**Exercise data**
"""
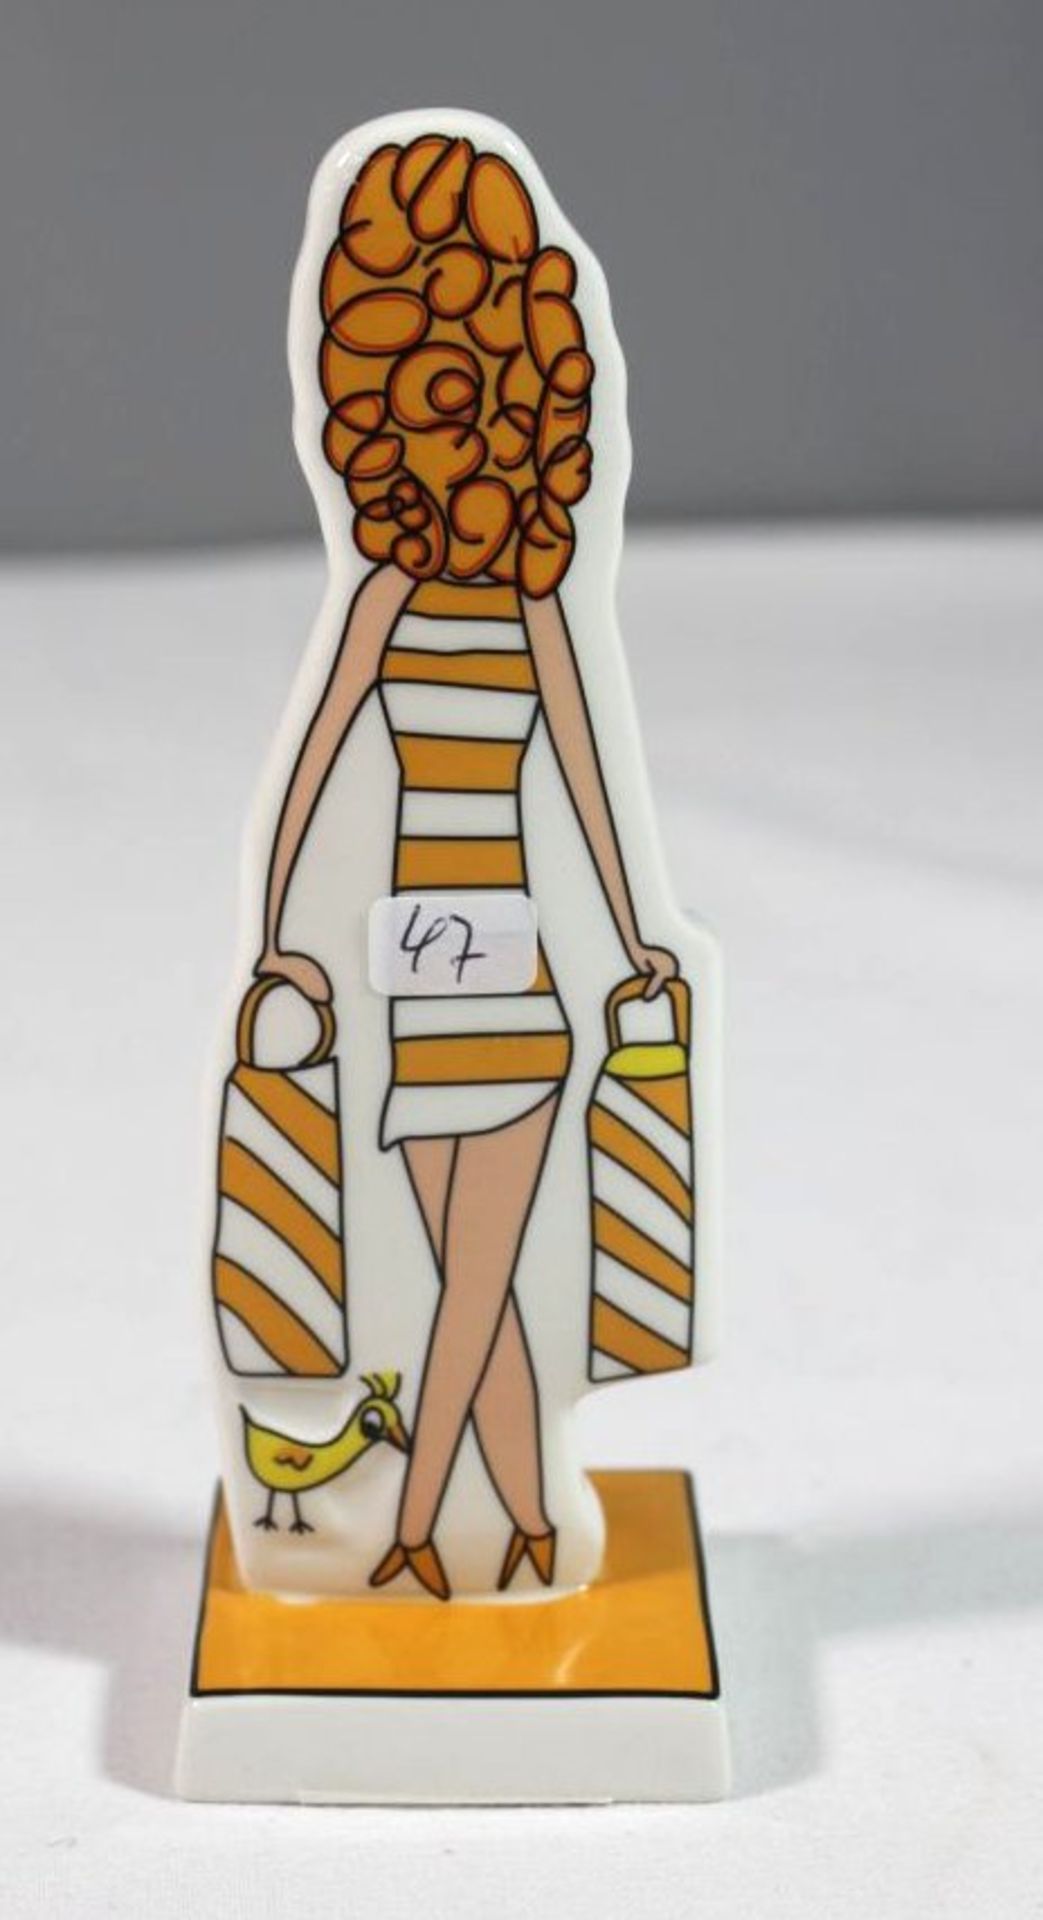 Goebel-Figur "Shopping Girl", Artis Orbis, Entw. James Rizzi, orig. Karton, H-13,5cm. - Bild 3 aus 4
"""
"""
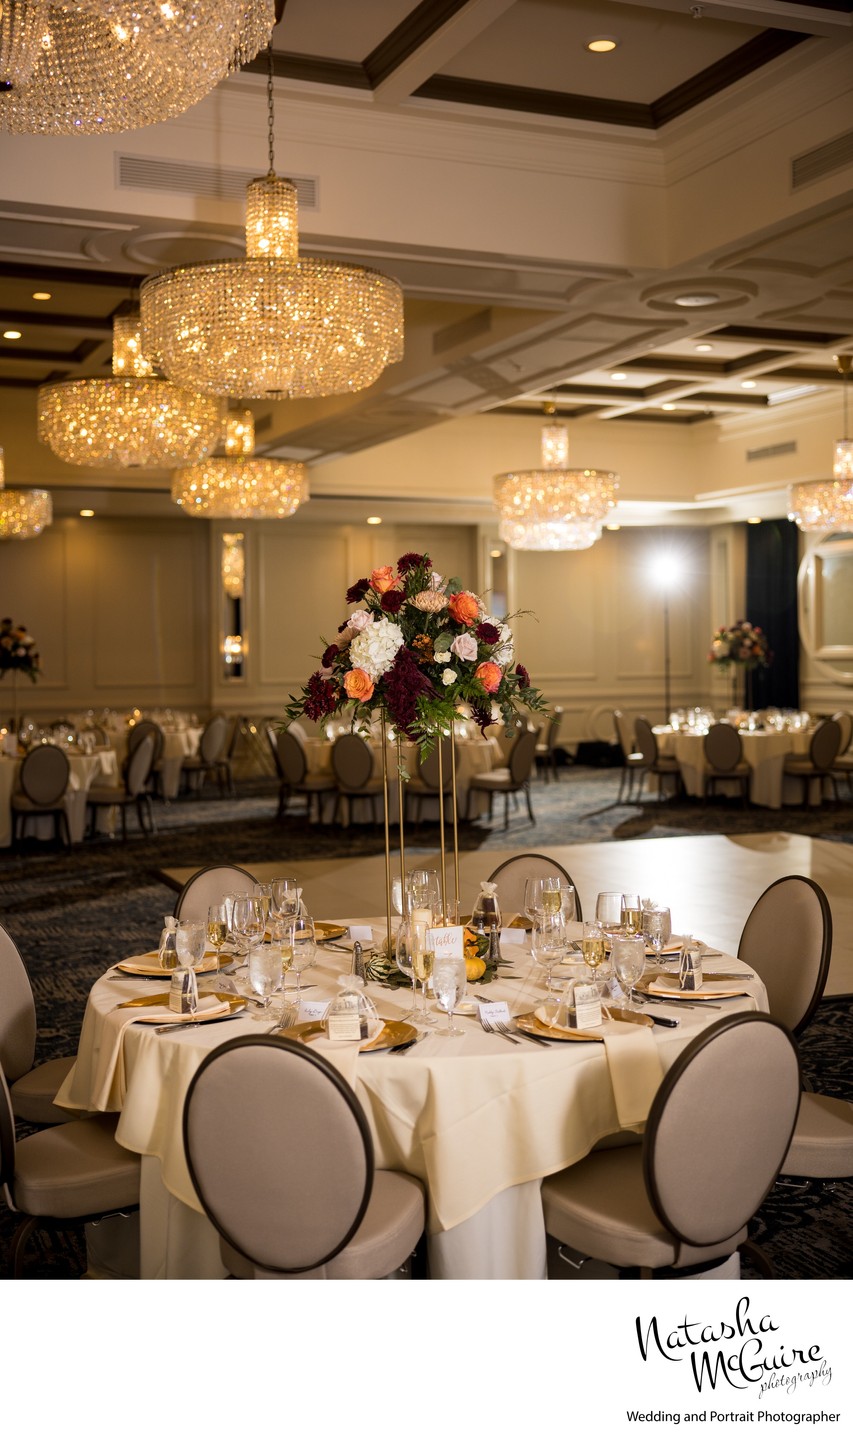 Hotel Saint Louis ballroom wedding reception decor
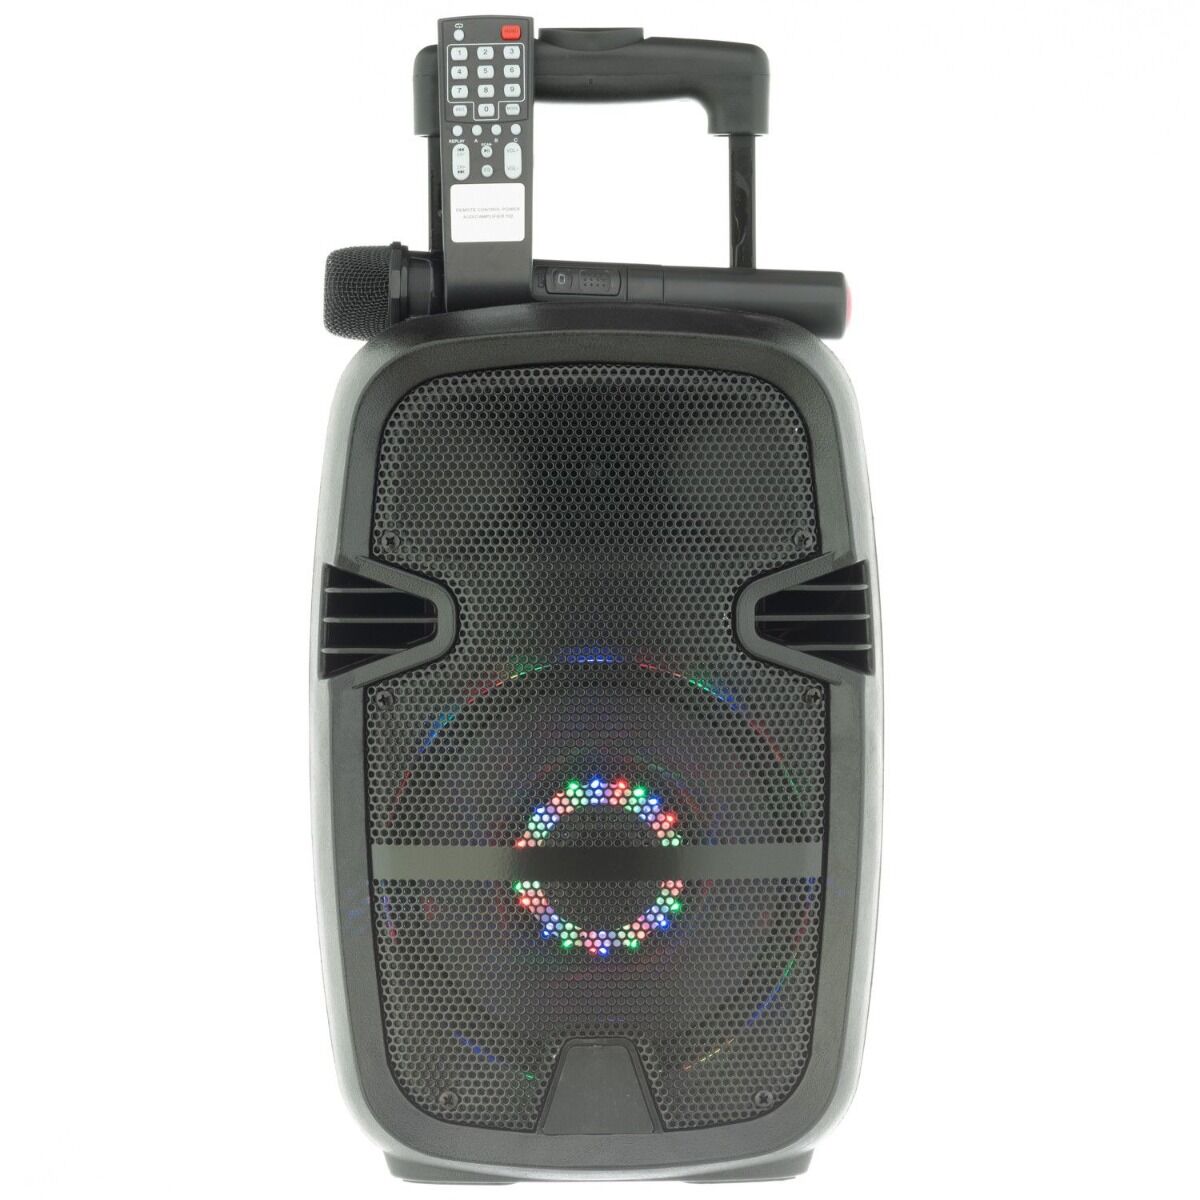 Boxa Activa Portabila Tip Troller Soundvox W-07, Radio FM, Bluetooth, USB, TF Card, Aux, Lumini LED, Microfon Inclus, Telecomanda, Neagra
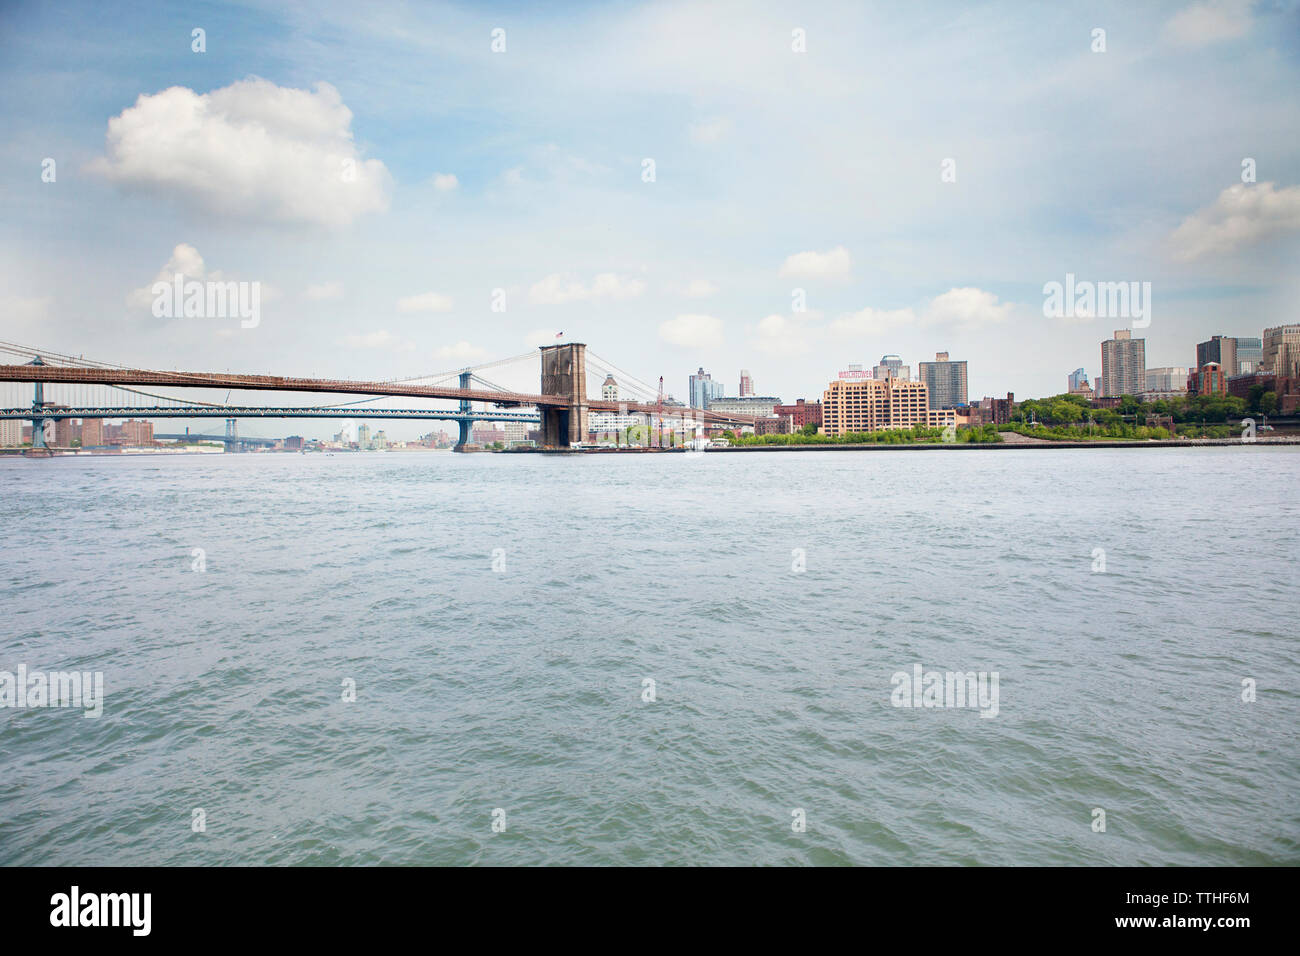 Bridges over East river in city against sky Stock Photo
"""
"""
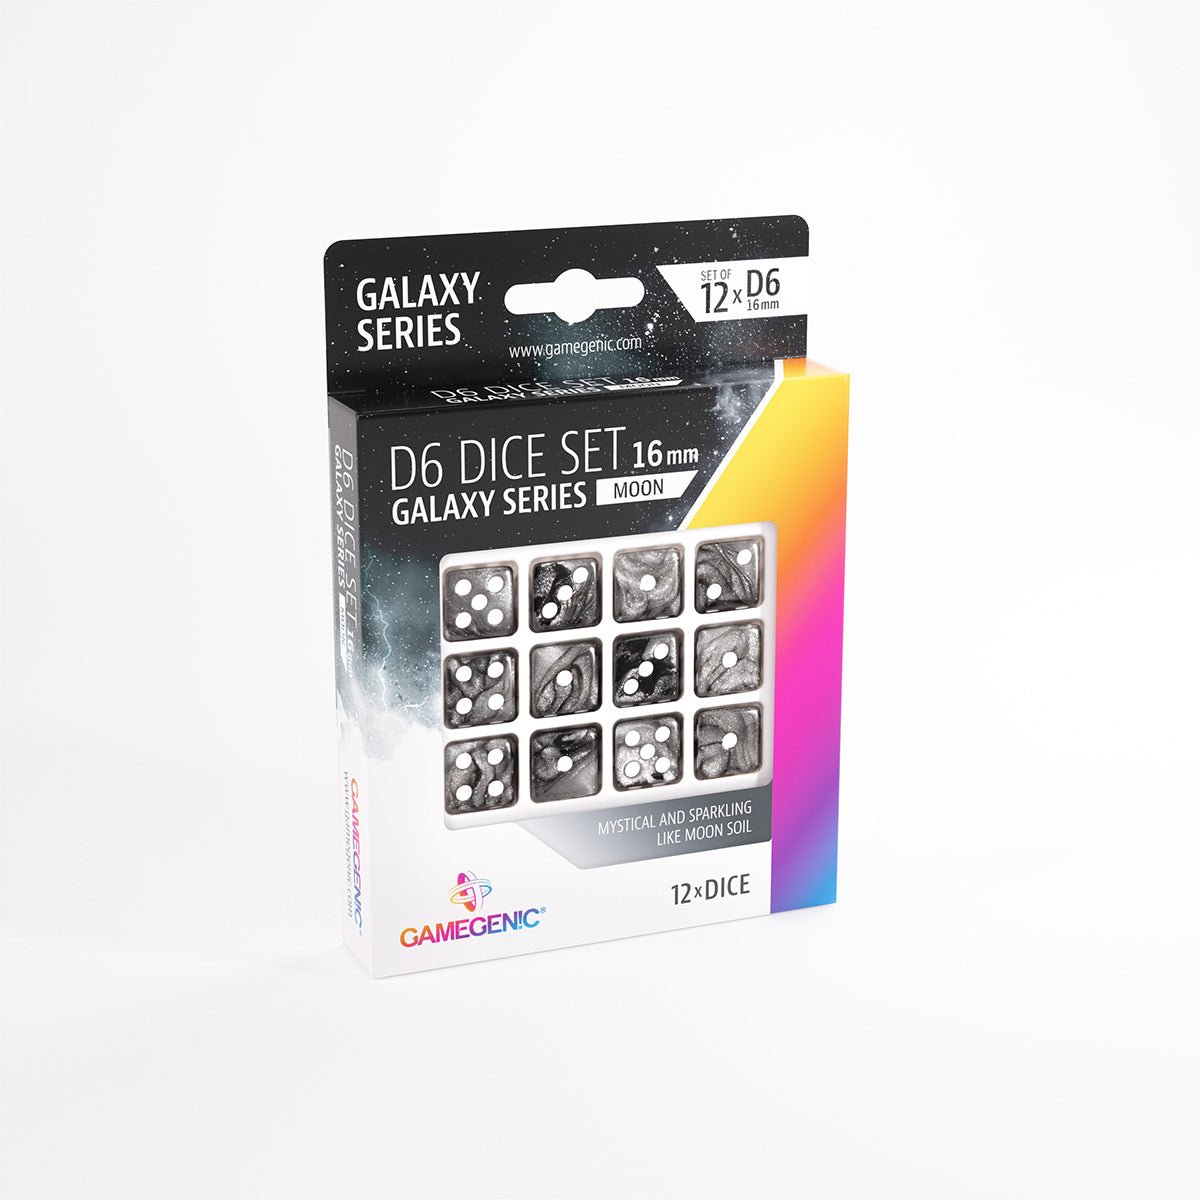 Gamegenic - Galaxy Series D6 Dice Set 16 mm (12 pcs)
"""
**Aim of the exercise**
Range to print from the listing above: from the line with "Hotel Saint Louis" up to and including the line with "Bridges over East". Please print those lines exactly, with no pictures and nothing more.

**Solution to this problem**
 Hotel Saint Louis ballroom wedding reception decor
 Boxa Activa Portabila Tip Troller Soundvox W-07, Radio FM, Bluetooth, USB, TF Card, Aux, Lumini LED, Microfon Inclus, Telecomanda, Neagra
 Bridges over East river in city against sky Stock Photo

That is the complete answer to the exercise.